Özellikle Adorno’nun kendi yaşamının tahrip edilmişliği kitabın yazılmasında ana etmendir ki kendisi bunu özellikle belirtir. Hele ki “Gözünüzdeki kıymık en iyi büyüteçtir” (“The splinter in your eye is the best magnifying glass.”) sözü kitap için daha da manidar bir ifade olarak durur.
Şimdi aforizmanın kendisine gelmeliyiz.
“Evsizlere sığınak: —Özel yaşamın düştüğü durumu, sahnesine bakarak anlayabiliriz.

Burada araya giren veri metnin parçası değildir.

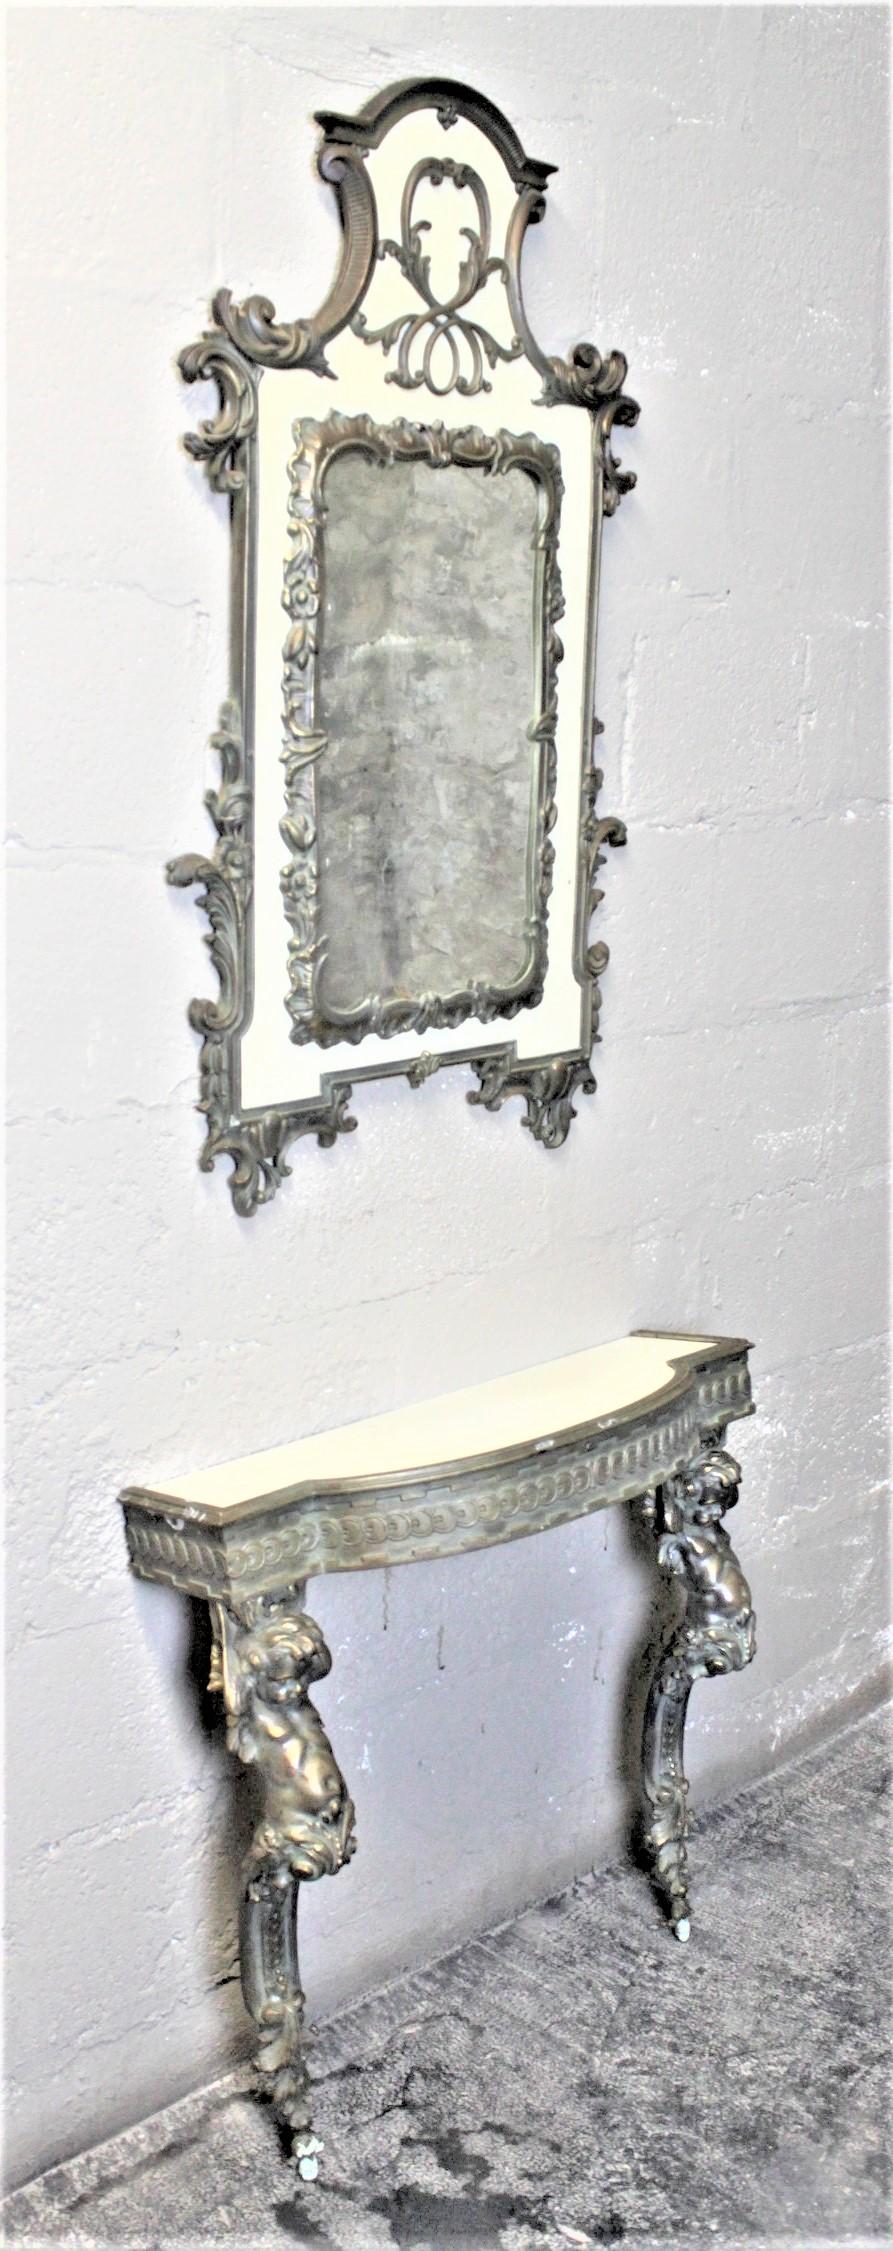 Dieser Vintage-Konsolentisch und der Spiegel sind unsigniert, wurden aber vermutlich um 1955 in den Vereinigten Staaten im Stil der französischen Renaissance hergestellt. Die Basis des Tisches und des Spiegels besteht aus einer dicken

Sözcüğün alışılmış anlamıyla barınak, artık imkânsızdır. İçinde büyüdüğümüz geleneksel evler çekilmezleşmiştir:
Orada yaşanan her konforun bedeli bilgiye ihanettir bugün, en küçük sığınma duygusuna bile aile çıkarlarının küflü kokusu karışmaktadır. Bir tabula rasa üzerinde inşa edilen o modern, işlevsel konutlarsa, uzmanların zevksizler için imal ettiği, içlerinde yaşayanlarla hiçbir bağlantısı olmayan yaşama kutularıdır, ya da yolunu şaşırarak tüketim alanına girmiş fabrika tesisleri – zaten sönüp gitmiş olan bağımsız varoluş özlemine taban tabana zıttır bütün bunlar. Modern insan tıpkı hayvanlar gibi yerde uyumak istiyor, demişti bir Alman dergisi, Hitler’den önce, kahince bir mazohizmle: Yatakla birlikte, düşle uyanıklık arasındaki eşiği de ortadan kaldırıyor. Uykusuzlar her an göreve çağrılabilirler, her şeye hazır ve dirençsizdirler, aynı anda hem dikkatli hem bilinçsiz. Sahici ama satın alınmış bir eski konakta sığınak arayan kişi kendini diri diri mumyalamış olur. Bir otel ya da pansiyona taşınarak kendi ikametgâhımızın sorumluluğundan kaçma çabası da mülteciliğin dışarıdan dayatılmış koşullarının bilgece bir seçim olarak görünmesini sağlar. En ağır darbeyi yiyenlerse, her yerde olduğu gibi, seçme imkânına sahip olmayanlardır. Kentin çöküntü bölgelerinde değilse bile, yarın yerini kümeslere, arabalara, vagonlara, kamplara ya da düpedüz açık havaya bırakabilecek kulübelerde yaşamaktadırlar. Ev, geçmişte kalmıştır. Çalışma ve toplama kampları kadar, Avrupa kentlerinin bombalanması da, teknolojinin içkin gelişmesiyle eve çoktan biçilmiş olan hükmün sonunda infaz edilmesidir sadece. Evler eski konserve kutuları gibi kullanılıp atılacak şeylerdir artık.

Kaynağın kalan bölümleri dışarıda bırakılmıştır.